• [Work to be completed]: Reproduce the lines below verbatim. Pictures are to be omitted.

• [Data excerpt]:
————————

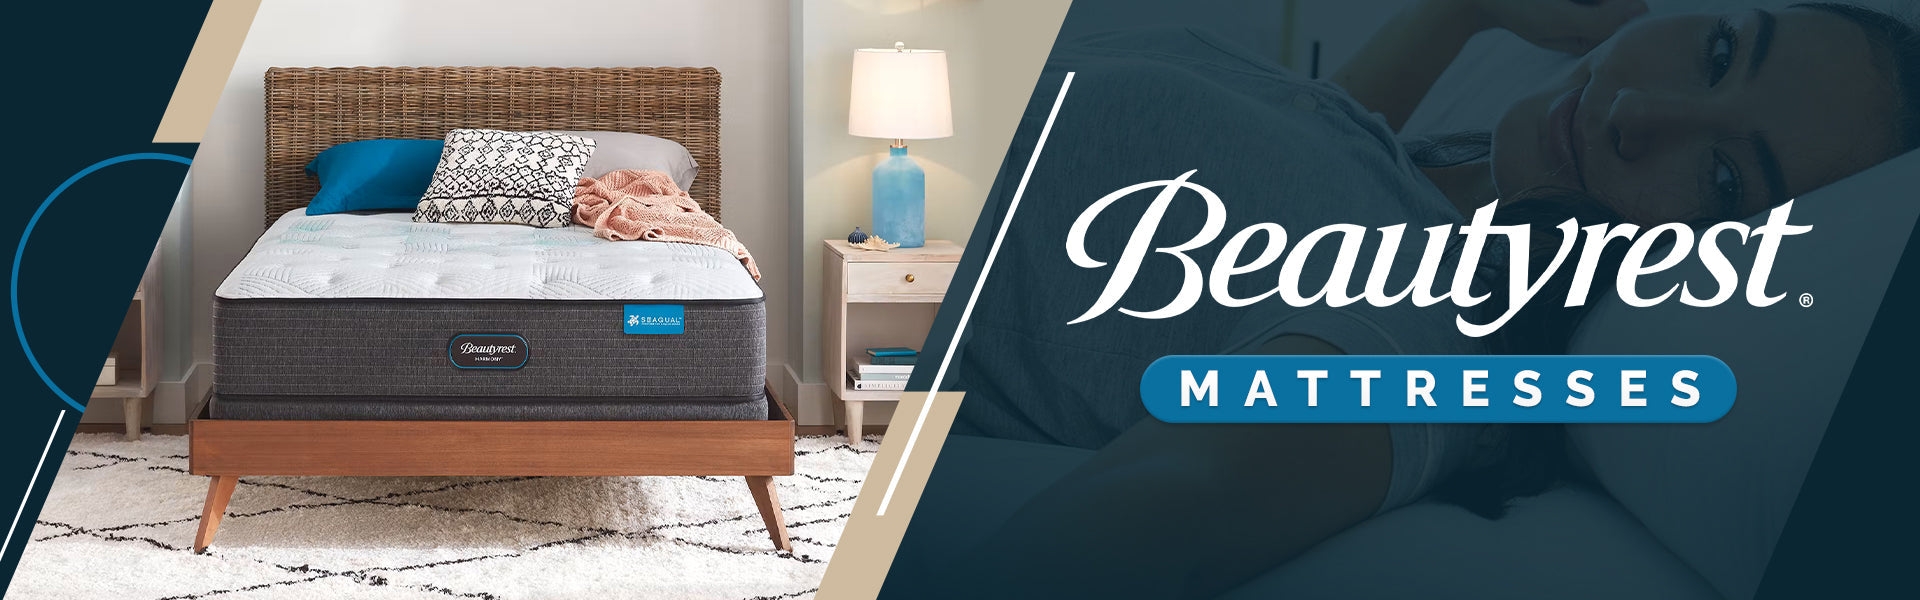 beautyrest mattress on wooden bed frame, beautyrest logo with woman laying down in the background
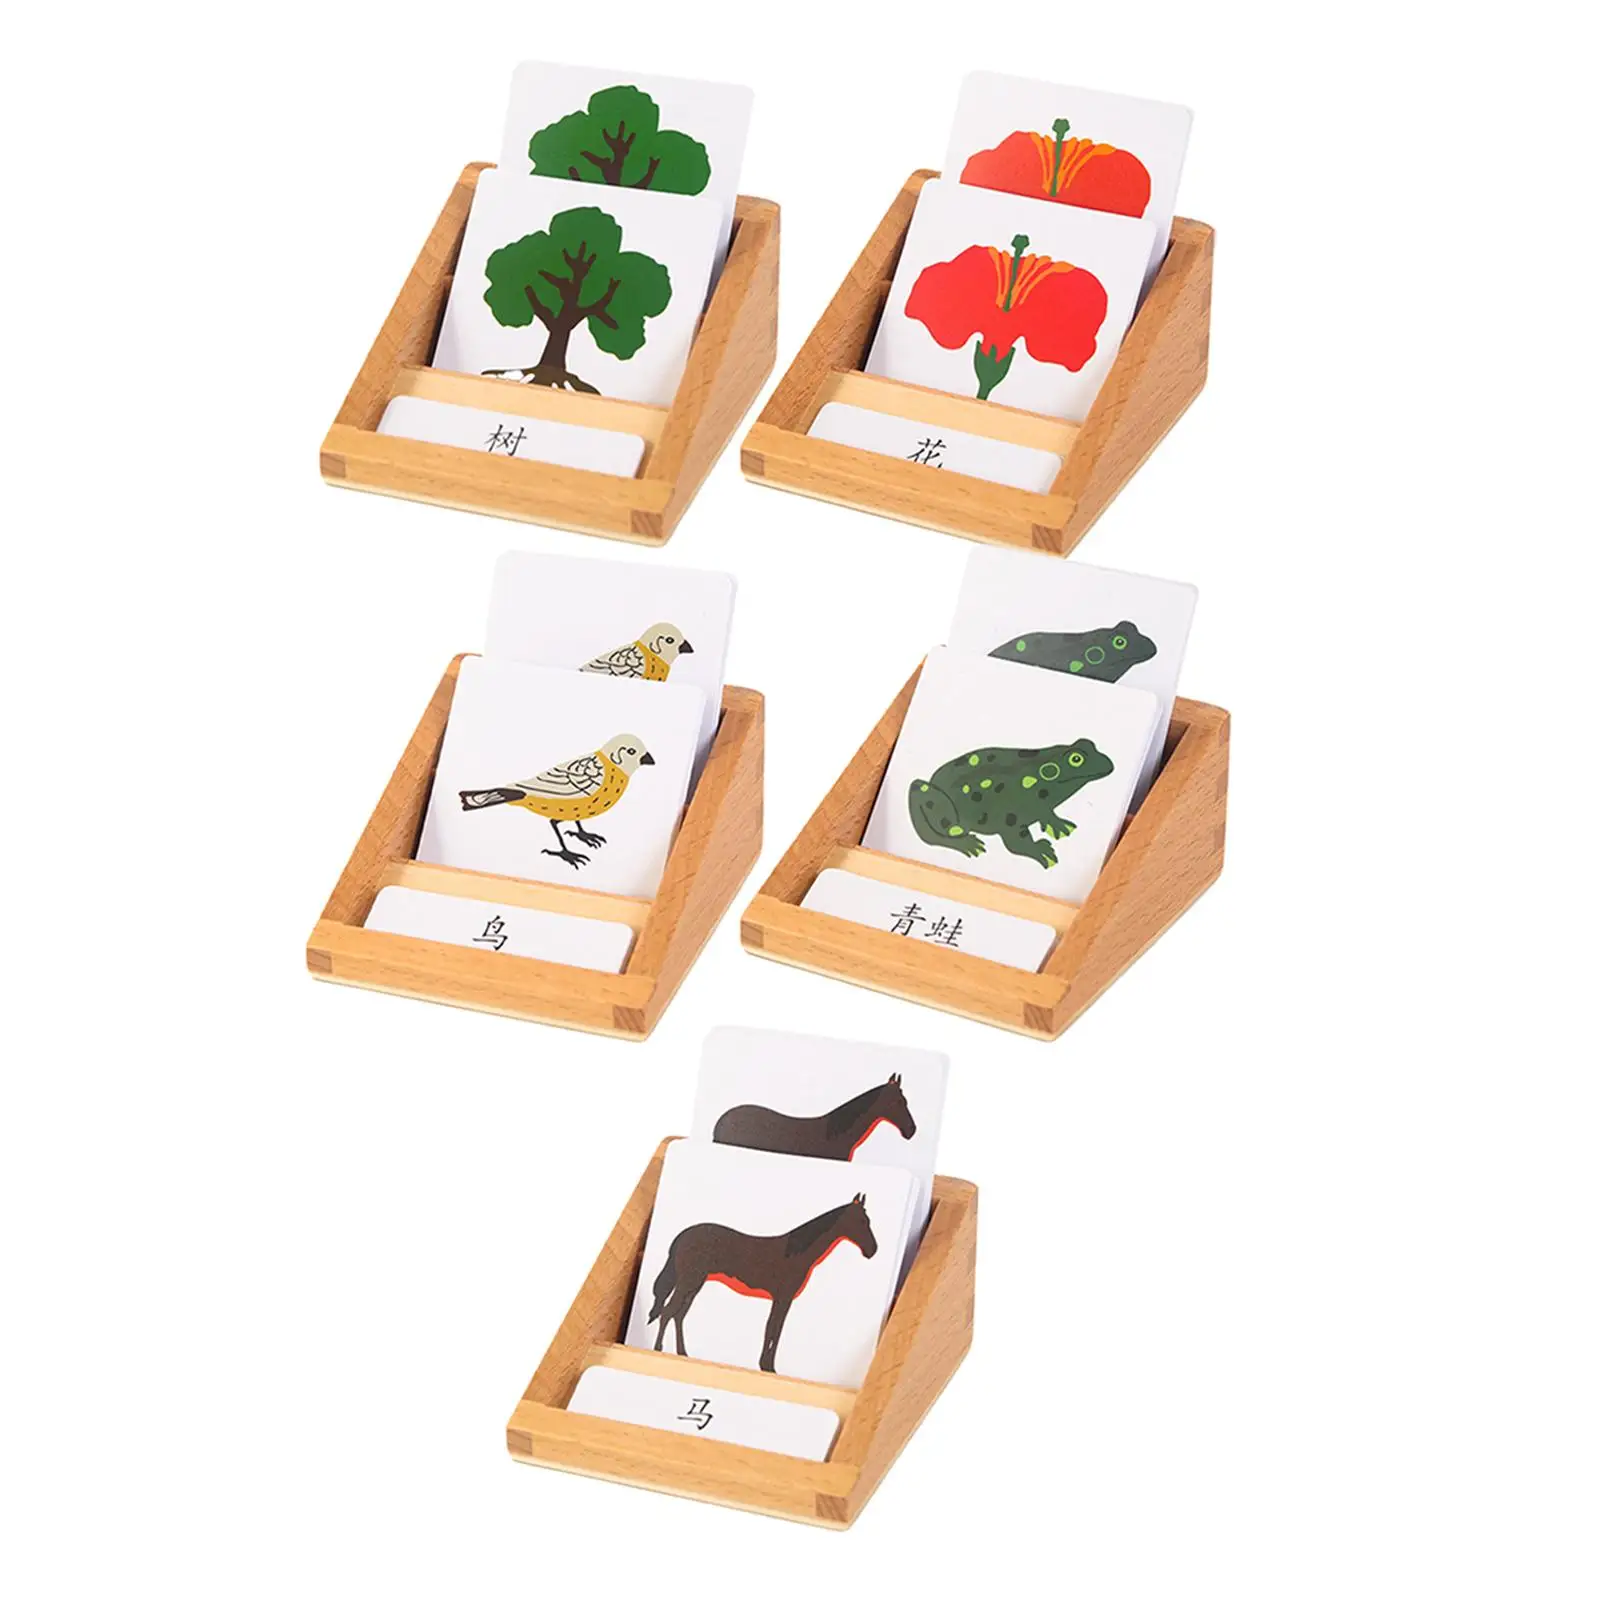 PVC Animal Growth Life Cycle Playset Early Educational Classroom Toys Cognitive for 4-8 Years Olds Toddlers Children Kids
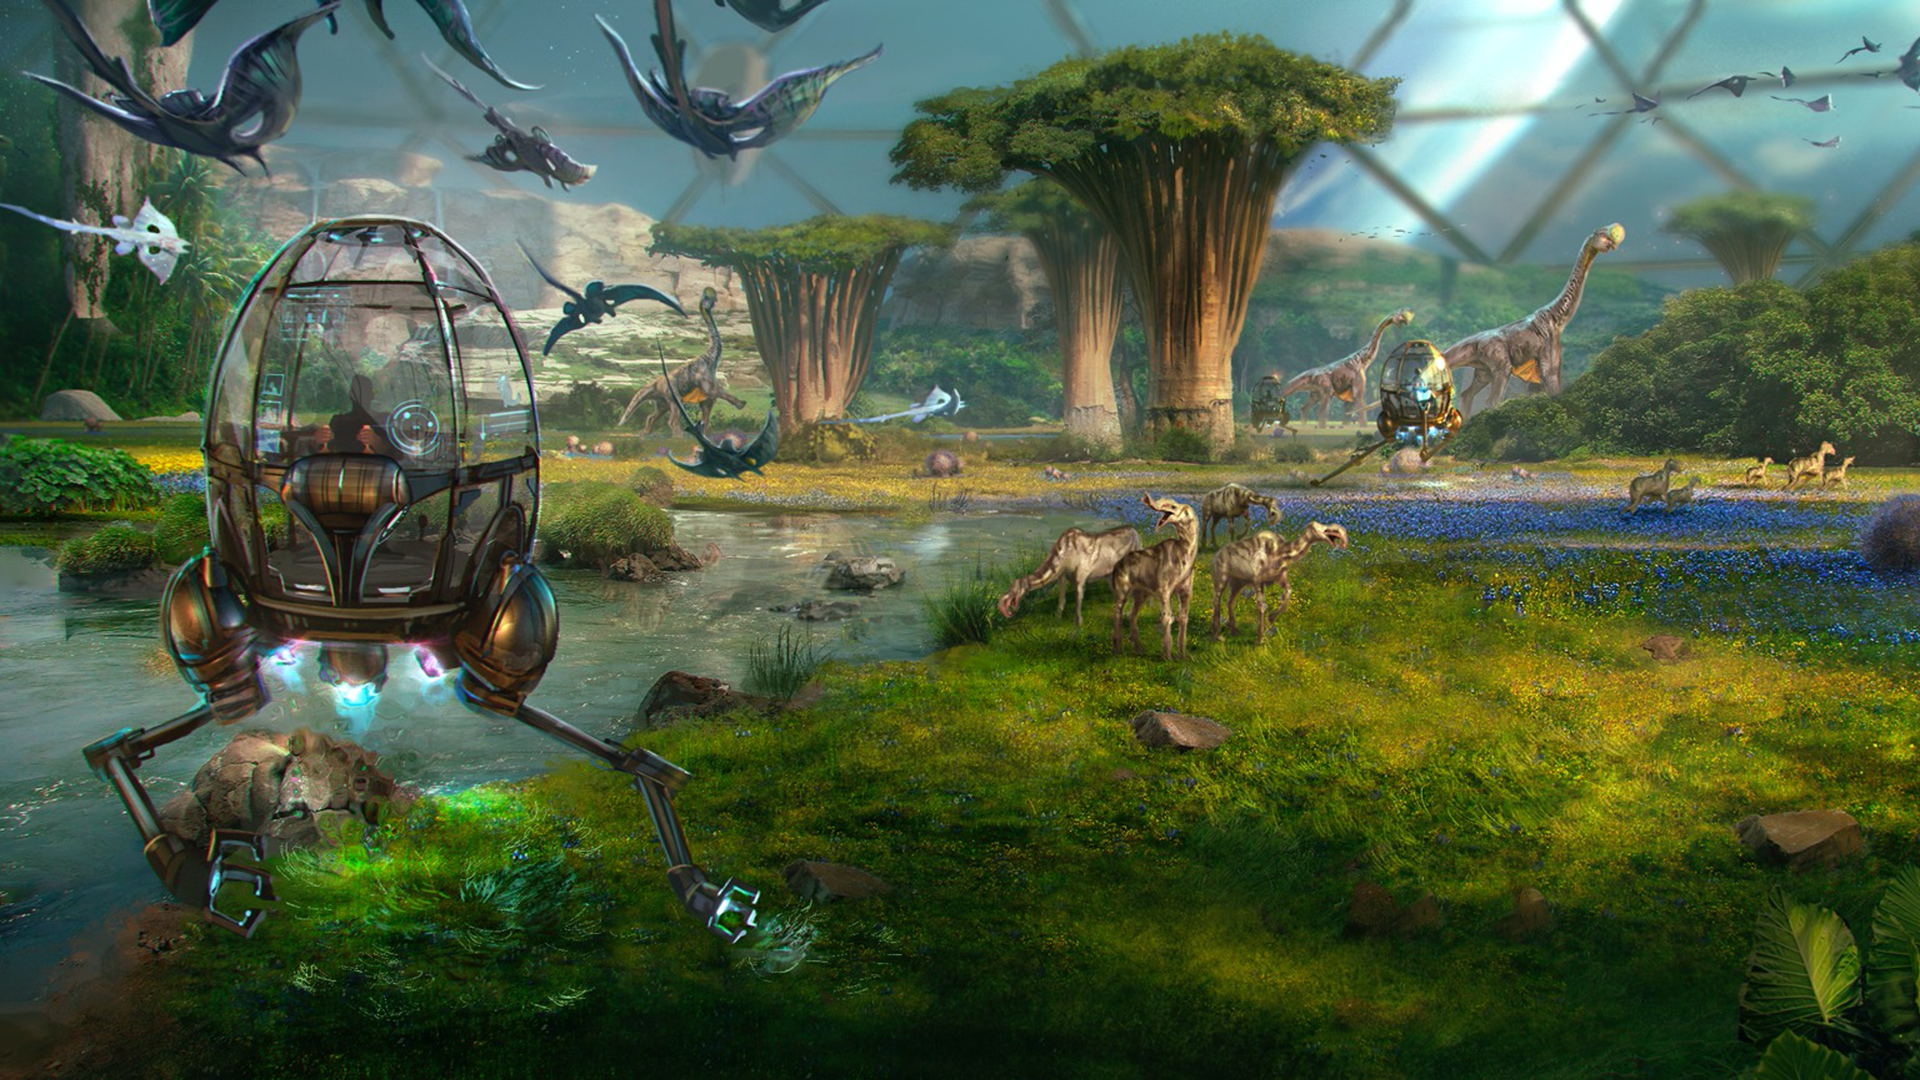 Screenshot of art from a virtual world created by Dreamscape

————————

• [Exercise answer]:
 beautyrest mattress on wooden bed frame, beautyrest logo with woman laying down in the background
 PVC Animal Growth Life Cycle Playset Early Educational Classroom Toys Cognitive for 4-8 Years Olds Toddlers Children Kids
 Screenshot of art from a virtual world created by Dreamscape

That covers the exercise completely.